A orientadora foi breve e liturgicamente USPiana. Apresentei minhas constatações, possibilidades de ampliação e orgulho ao presenciar aquele momento tão único.

Este (pre)texto explora os pontos do que se vê nessa defesa materializada. Sob uma perspectiva transfeminista – isto é, que afasta a certeza de serem gênero e sexo sinônimos e interseccionais – atenta que as muitas espacialidades alcançam de diferentes formas todas as pessoas, desde o acesso à justiça, a dinâmica do acesso a direitos e cidadania para aqueles que recebem assistência jurídica. Sobretudo quando a justiça chega pelas mãos de uma travesti.

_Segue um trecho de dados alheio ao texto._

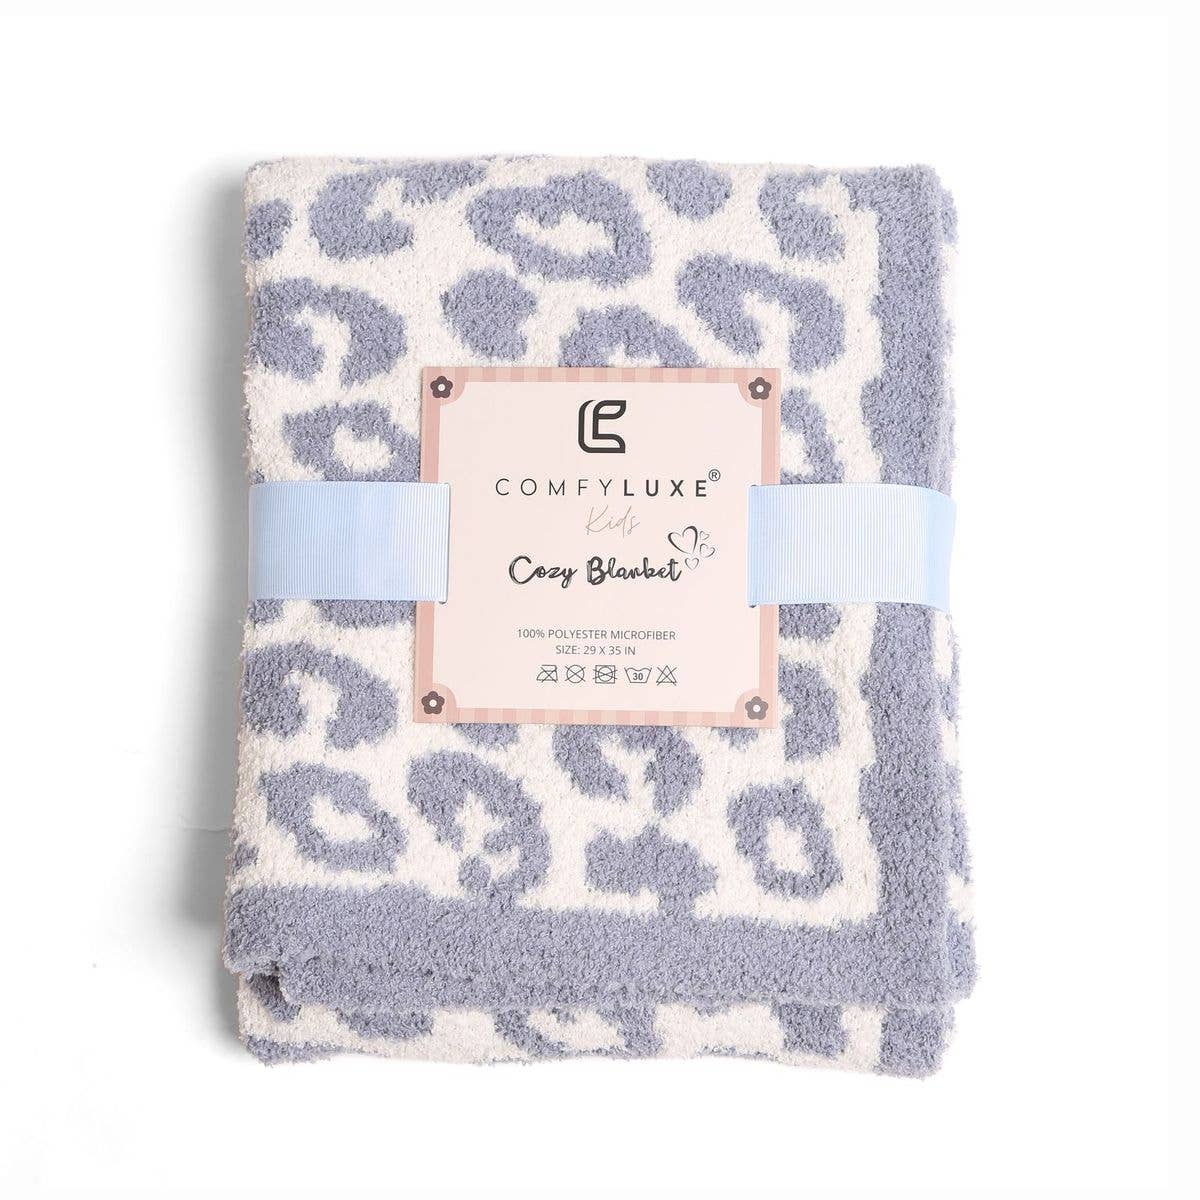 Luxury Cozy Kids Blanket - Blue Leopard

Uma pesquisa brasileiramente norteada (pois nosso norte é amazônico) desde a periferia e da quebrada, o estudo se baseia em uma autoetnografia que analisa a atuação em três projetos/instituições: 1) O Departamento Jurídico XI de Agosto, vinculado à faculdade; 2) A CPI da Transfobia, cujas atividades foram coordenadas durante o mandato da vereadora Erika Hilton na Câmara Municipal de São Paulo; e 3) O projeto de educação em direitos humanos desenvolvido no CIEJA Itaquera.

A busca de Dandara por justiça e cidadania é um caminho muitas vezes espinhoso. No entanto, sua amorosidade pelas suas e pelos seus torna facilitada a luta para e por aqueles que ocupam margens sociais e enfrentam múltiplas formas de discriminação. Esse livro se propõe a examinar as muitas questões através das lentes de uma travesti que percorre o caminho da advocacia e prática.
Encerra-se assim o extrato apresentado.